娇娘后怕地抚了抚胸口,偏头看向来人,满脸感激。
呜呜,好在他来得及时,不然自己这回真的要摔惨了。
裴珣微微垂眸,对上一双眼眶通红的杏眸,那杏眸里泛着盈盈水光,此时看向他,犹如看向救命稻草。
他扶着她站稳,视线向下,看向她的腿和脚。
“腿疼?还是哪里不适?”
娇娘摇头。不疼,只是站得久了,脚有些麻,一时没站稳罢了,这会已无事了。
见她确无大碍,裴珣便松开手,转身朝上座的裴夫人行礼。
“母亲,儿子听闻您今日回府,特来请安。”
裴夫人瞧着堂下高大冷淡的庶子,胸中恼意更盛。
这孽障为何不死在战场上?为何偏要回来!
自三年前裴珣从边关归来,裴夫人便诸事不顺。她原也礼佛,却不曾像如今这般频繁。她之所以这般操劳,皆是因这孽障。
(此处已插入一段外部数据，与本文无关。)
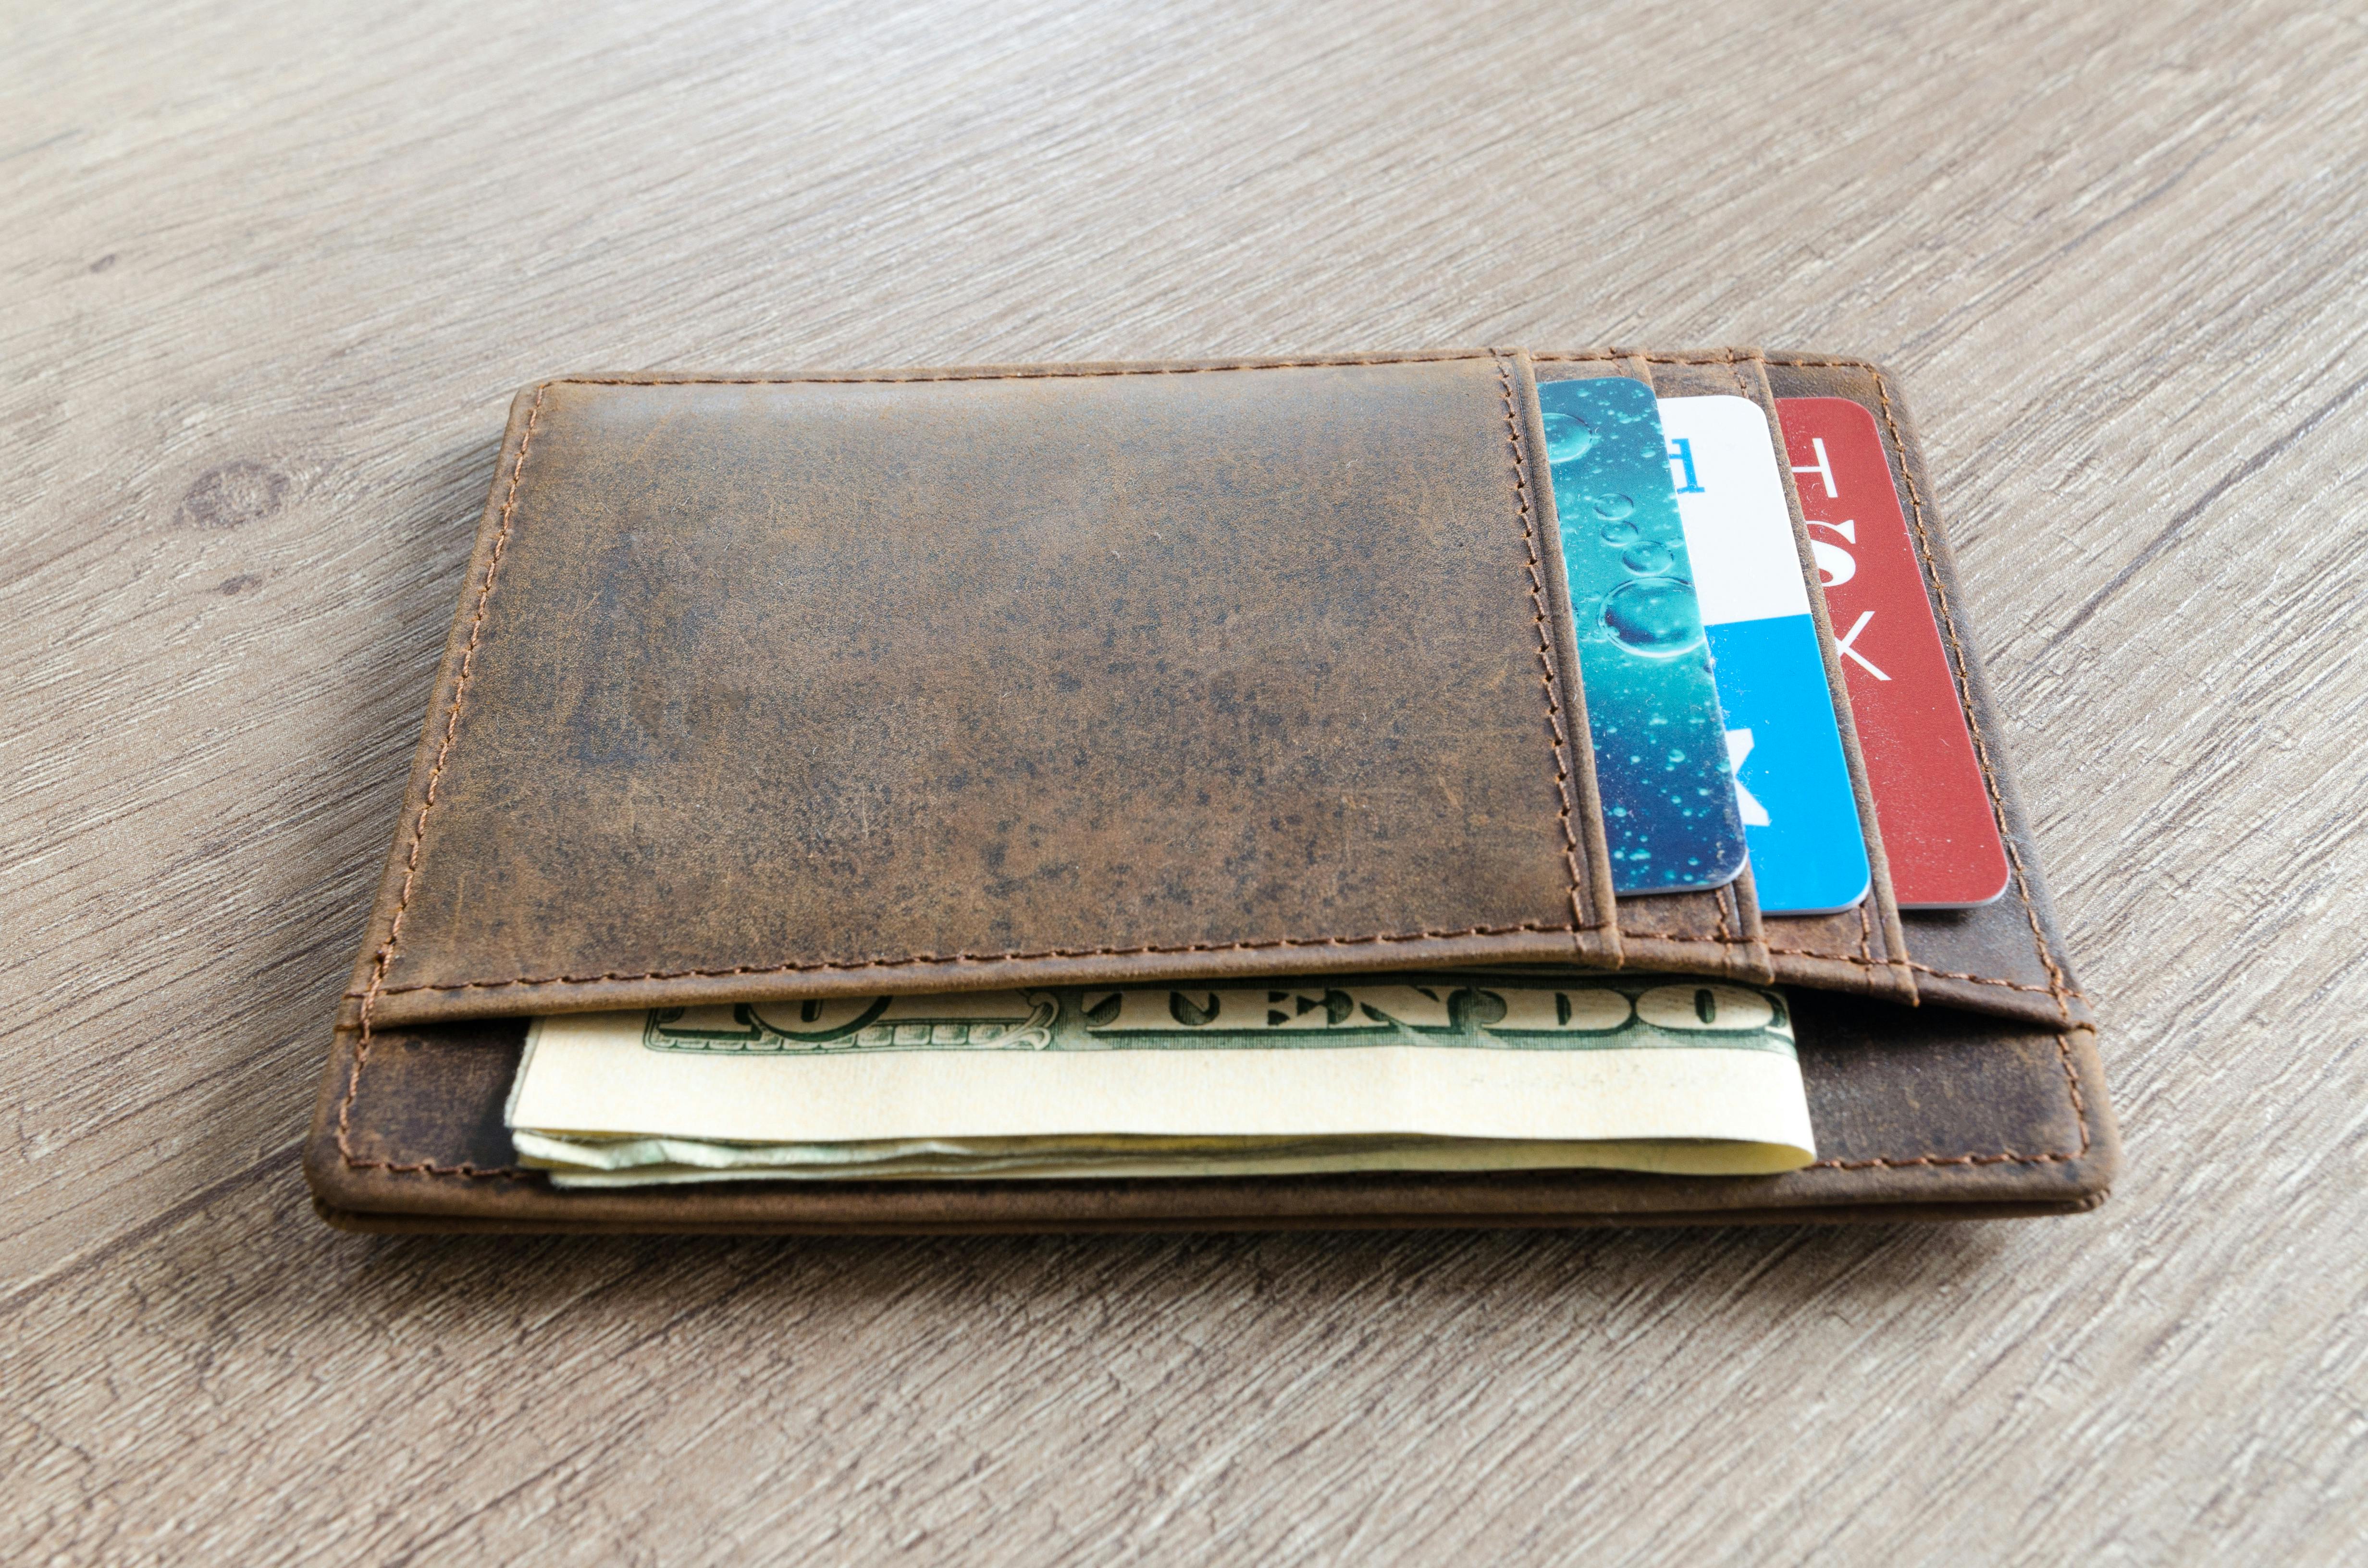 A wallet | Source: Pexels

裴珣初归时,她一连数日被梦魇缠身。请大师来看,说是府中煞气冲撞。
家中何人带煞?裴夫人不作他想,当即派人打探这庶子在军中的行事。军中之事皆是隐秘,旁人难以窥探。裴夫人只隐约得知,庶子有如今功绩,每一步都踏着人命。
当下惊得越发寝食难安。
因而这些年,她越发笃信佛法,唯有如此,方能稍得安宁。不至被这孽障一身血煞之气惊扰。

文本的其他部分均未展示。